Слабо засмеявшись, говорю:

— Ну, во-первых, мне нужно переодеться в чистую одежду.

— Тогда поезжай домой и переоденься. Я заберу тебя.

— Куда мы поедем? — спрашиваю я.

— Когда в последний раз ты веселилась? — я пожимаю плечами, и он говорит: — Так значит давай, немного повеселимся.



Несколько часов назад я вернулась домой. Деклан позвонил мне только что, сказал, что едет за мной и хотел убедиться, что я тепло оденусь. Так что я убедилась, что нарядилась в соответствии с морозом, да и тем более снег по-прежнему продолжал идти.

Когда консьерж звонит, чтобы сказать, что Деклан пришел, я надеваю шерстяное пальто, шарф, печатки и вязаную шапку.
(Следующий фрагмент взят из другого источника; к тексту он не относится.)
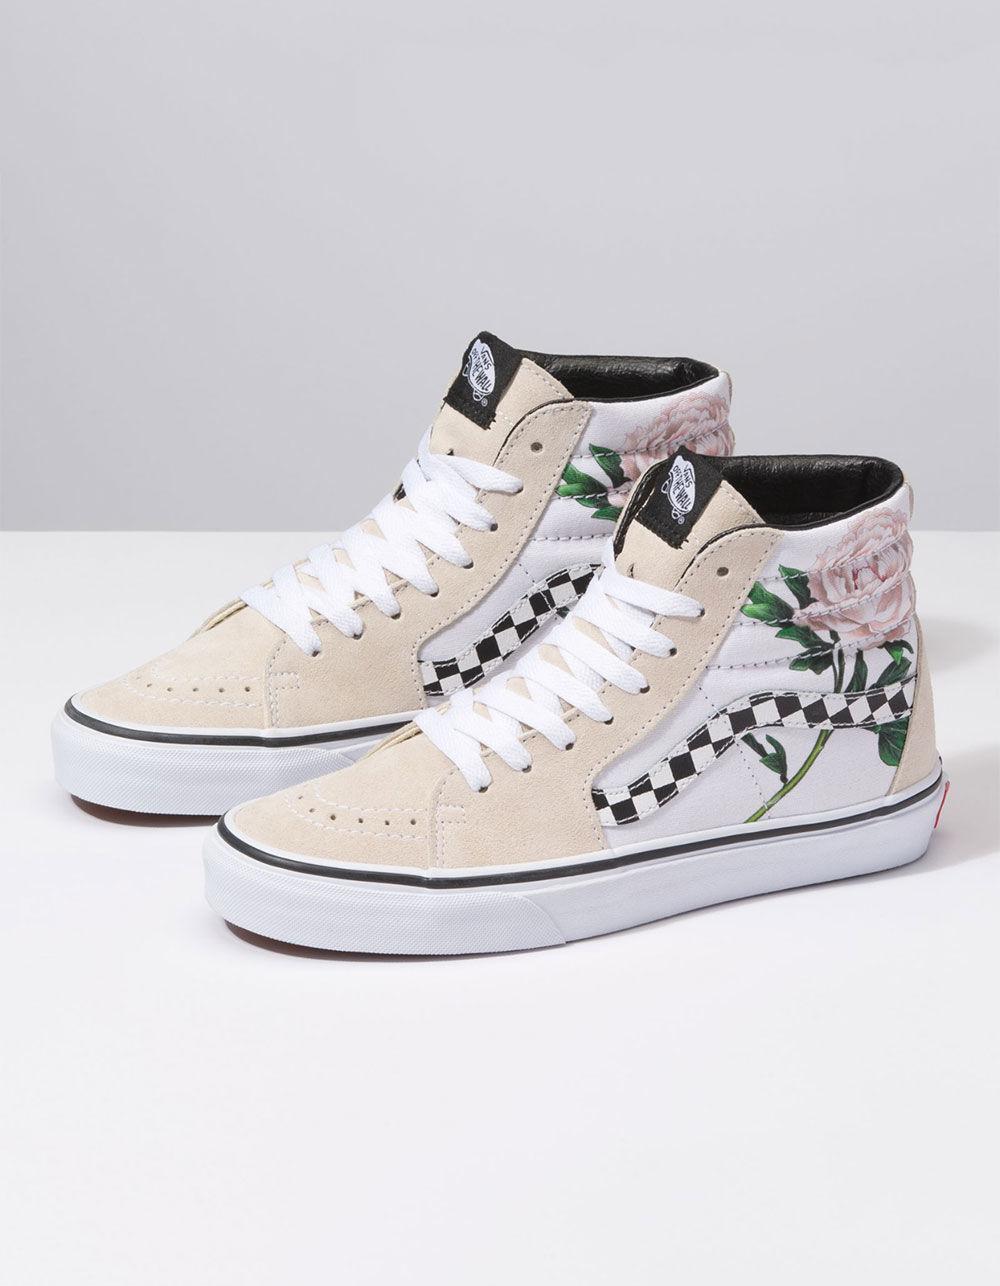 b744ae86896 Lyst - Vans Sk8-hi Checker Floral Womens Shoes

Когда двери лифта открываются, я вижу, что Деклан стоит в фойе, и впервые я вижу, что на нем надеты вышарканные темные джинсы и серый свитер под черным шерстяным пальто. Он выглядит круто, и когда поворачивается ко мне, его улыбка становится шире.

— Ты готова? — спрашивает он, когда мы идем рука об руку.

— Не уверена, — осторожно отвечаю я. — Я же не знаю, что мы собираемся делать.

— Пошли.

Я прохожу за ним через парадную дверь и замечаю, что его машина припаркована у бордюра, но он, почему-то, ведет меня в противоположную сторону.

— Мы не поедем на машине?

— Нет.

Я сильнее натягиваю свою вязаную шапку цвета слоновой кости и еще на несколько раз оборачиваю вокруг шеи шарф, он наблюдает за мной с улыбкой, а затем протягивает мне руку. Я не принимаю ее, чтобы не рисковать, что кто-то увидит это, поэтому когда начинаю идти, он кладет свою руку мне на поясницу и переводит через улицу к Миллениум парку.

— Ты ведь знаешь, что там закрыто? — спрашиваю я, когда он ведет меня к катку. — Слишком много снега.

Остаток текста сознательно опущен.